Below this header material in the Python file are three text mining categories:
-
General: agriculture, animals, clothing, etc.
-
Geographic (based loosely on migration statistics from the 1910 Idaho census[3]): britain, canada, china, etc.
-
Custom (example from our Rural Women’s History Project): Marriage and Divorce, Motherhood, Reproductive Rights, etc.
Each of these sections have a list of fifty associated words and phrases that the script is searching for within the combined transcription corpus. These were generated using Chatgpt with the following qualifications:
-
The word or phrase is only associated with one section. For example, regarding the sections agriculture and animals, the word “pasture” would be excluded since it could refer to both the land used for grazing animals and also the act of animals grazing.
-
Exclude homographs (words that are spelled the same but have different meanings). For example, sow refers both to an adult female pig and the agricultural act of planting seeds in the ground.
-
Place names and how certain nationalities would refer to themselves for the geographic sections. For example, “Philippines”, “Filipino”, “Tagalog…”, “Norwegian”, “Norway”, “Oslo…” or “Japanese”, “Japan”, “Tokyo”, etc.
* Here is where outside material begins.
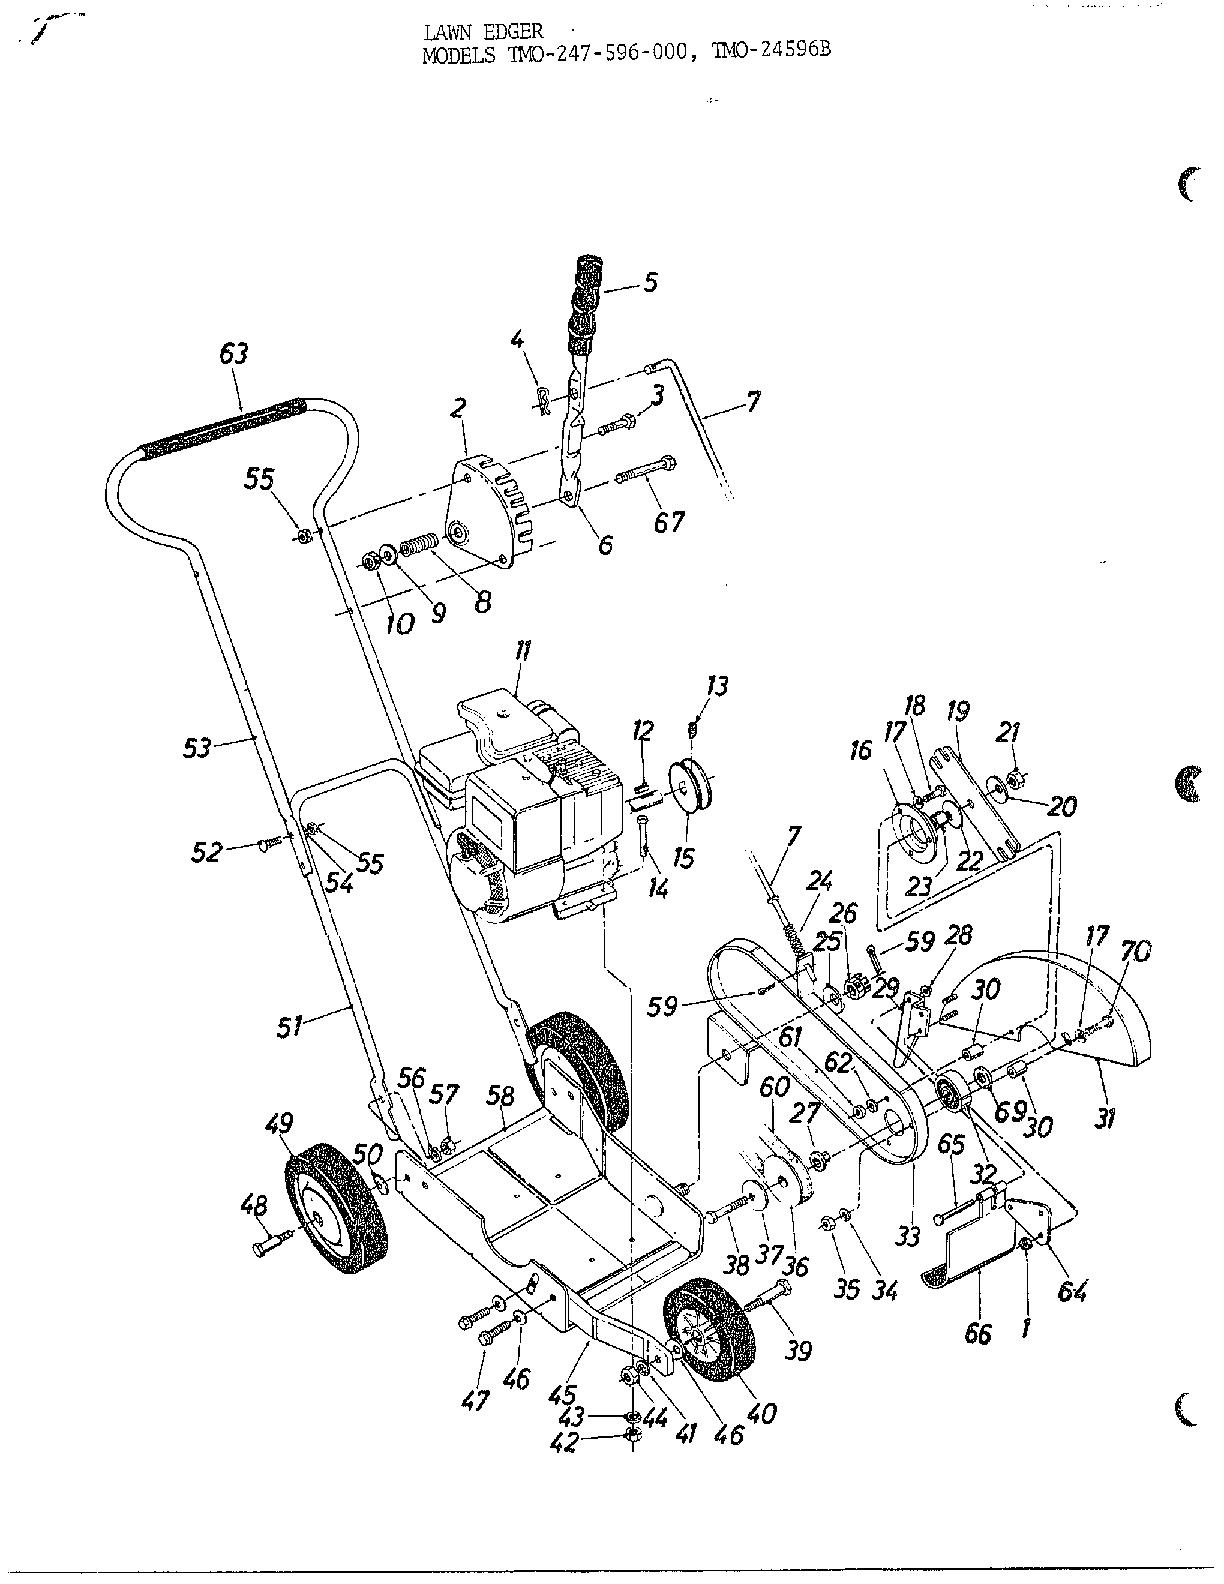 Mtd model 247-604-000 edger genuine parts

These text mining categories and sections produce a total of 2,250 associated words phrases that are being identified across the combined transcript corpus before the script tallies these words to generate the output shown below:
Future iterations of this repository will modularize the General, Geographic and Custom sections for easier navigation instead of its current form as a single, expansive Python file. See Appendix 1 for an excerpt of this script or visit the GitHub repository to view code in full.
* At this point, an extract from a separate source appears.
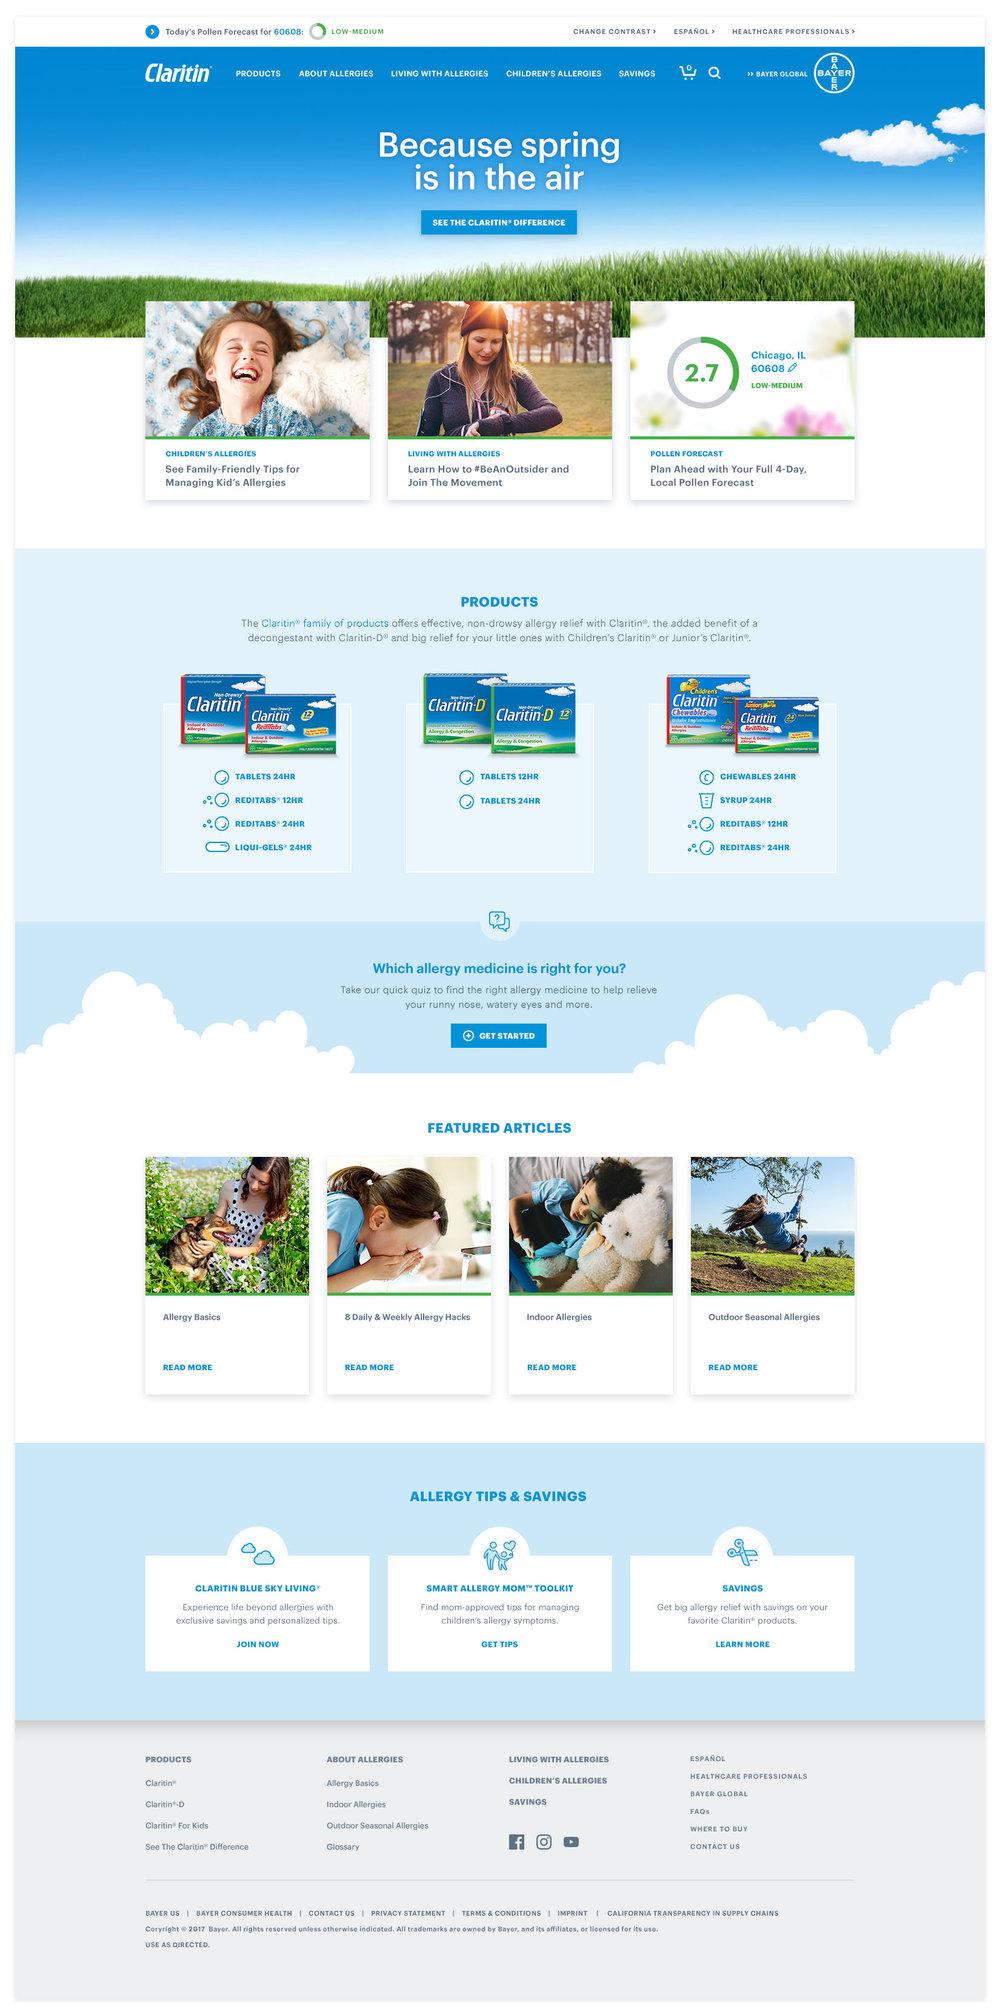 claritin_homepage.jpg

Apps Script Connection and Customization
Once this text mining data is produced, it can be copied and pasted into a “primary tag sheet” in Google Sheets, located in the same folder as the transcripts for student workers to access and edit. Using the Text to Columns
function, tag names are split into column A
and their associated words into column B
.
After making some minor adjustments to the individual transcript that has been generated using Premiere necessary for the Oral History as Data framework, student workers access the Apps Script extension located in the drop down menu. Transcribers then enter the code (see Appendix 2), and make two minor adjustments:
-
Change the sheet name of the transcript they are editing on line 6
-
Change the URL of their primary tag sheet on line 13, then save and run the code.
Now the individual transcript is connected to the Primary Tag Sheet, which will automatically search the text column for these associated words and fill in the tag column of the transcript with that data.
✺
It’s important to state that this process is not intended to replace human transcribers but shifts the focus from manual tagging to copy editing, reducing heavy lifting and repetition.
If transcribers notice that a tag is either not applicable or missing from the Primary Tag Sheet, they are encouraged to make these additions or subtractions and rerun the Apps Script on their individual transcripts, which will automatically make these adjustments. If transcribers notice errors that are more specific to individual sections of dialogue, they can paste it into the additions
or subtractions
column so these changes aren’t replaced by future runs of the Apps Script and reflected in the final copyedited version that is implemented in the digital collection.